По сути дела в этом замечании не было никакого вопроса. Как могла бы она при всей своей ветрености выспрашивать того, чье существование являлось поставленным перед ней жутким вопросом? Но она, судя по всему, сочла поразительным и слегка шокирующим, да, именно шокирующим, что до сих пор не преуспела: не в том, чтобы понять его, что было бы просто пределом самомнения, а в том — и на сей раз неосторожность уже не знала себе пределов, — чтобы получить о нем какие-либо сведения.
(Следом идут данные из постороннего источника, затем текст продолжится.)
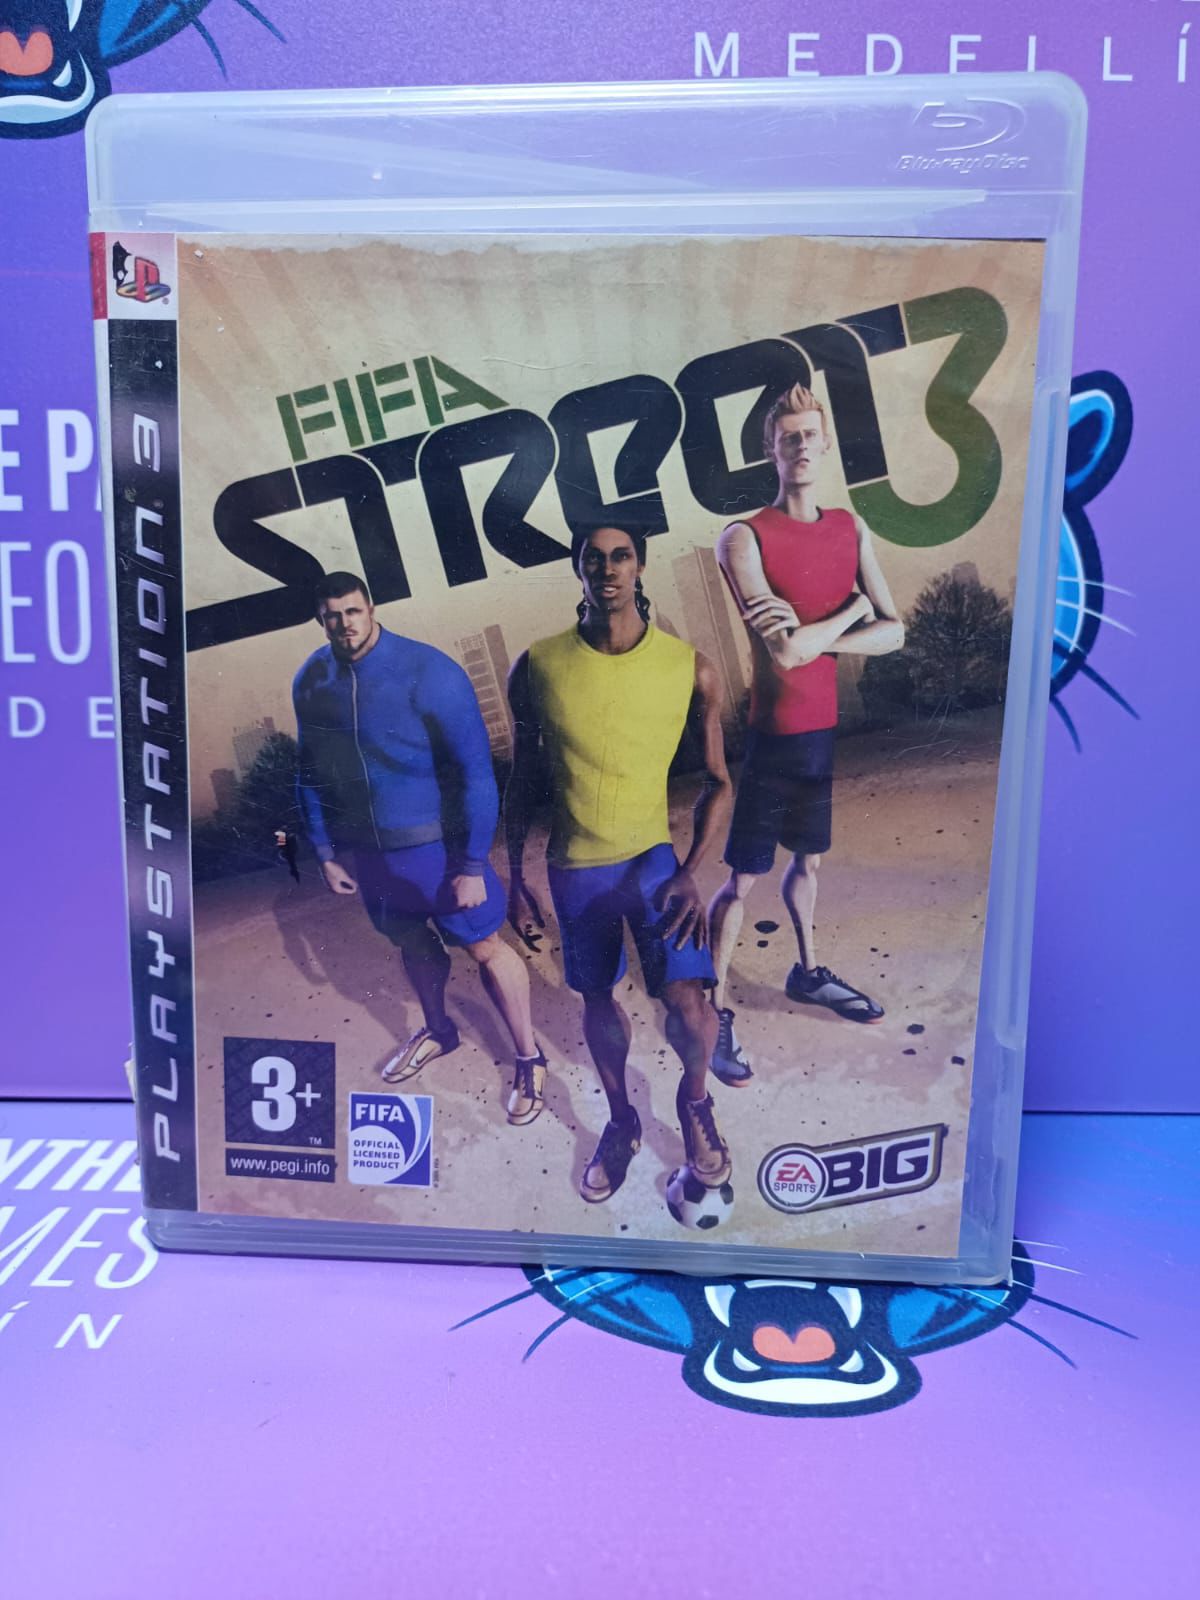 Fifa street 3-Playstation 3

И этой дерзости ей было еще мало, поскольку сожаление, которое она испытывала, потому что не знала его, вместо того чтобы пытаться найти оправдание за свою необычную форму в неистовстве и безумии выражения, представало каким-то беззастенчивым и чуть ли не безразличным. Под благовидной внешностью, какою обладают все подобные действия, крылась самая настоящая попытка испытать судьбу. Она взглянула ему в лицо:
— Но что же вы такое?
Хотя она и не надеялась получить ответ и, будучи даже уверенной в том, что он не ответит, на самом деле и не ставила вопроса, уже в самом предположении, что он мог бы дать ответ (естественно, он не ответил бы, она не просила отвечать, но адресованным лично ему вопросом по поводу его личности делала вид, будто может истолковать молчание как случайный отказ ответить, как способное в один прекрасный день измениться отношение), крылось такое злоупотребление, это был столь низменный способ обращаться с невозможным, что перед Анной внезапно предстал весь ужас той сцены, в которую она с завязанными глазами бросилась, и, выйдя из спячки, она в одно мгновение осознала все последствия собственного поступка и безумие своего поведения. Первой ее мыслью было не дать ему ответить. Ибо теперь, когда она опрометчивым и безалаберным поступком отнесла его к разряду тех, кого можно спросить, главная опасность заключалась в том, что и он, в свою очередь, начнет относиться к себе как к тому, кто может ответить, и добьется, чтобы она услышала его ответ. Она чувствовала, что эта угроза переместилась куда-то вглубь ее, на место произнесенных ею слов. Он уже хватался за протянутую ему руку. Хватался грубо, наводя Анну на мысль, что понимает ее рассуждения и что в конце концов контакт между ними, чего доброго, все же возможен. Теперь, когда она была уверена, что со своей беспощадной непреклонностью он скажет ей, если заговорит, все, что у него есть сказать, ничего от нее не скрывая, скажет ей все, так что, когда он кончит говорить, его безмолвие, безмолвие существа, которому больше нечего выдавать и которое в то же время ничего не выдало, станет еще ужаснее, она была уверена, что он заговорит. И эта уверенность была так велика, что ей показалось, будто он уже заговорил. Он окружал ее, словно пучина. Кружил вокруг нее. Зачаровывал. Он собирался поглотить ее, превратив самые неожиданные слова в слова, которых она уже не сможет больше ждать.
— Что я такое…
— Замолчите.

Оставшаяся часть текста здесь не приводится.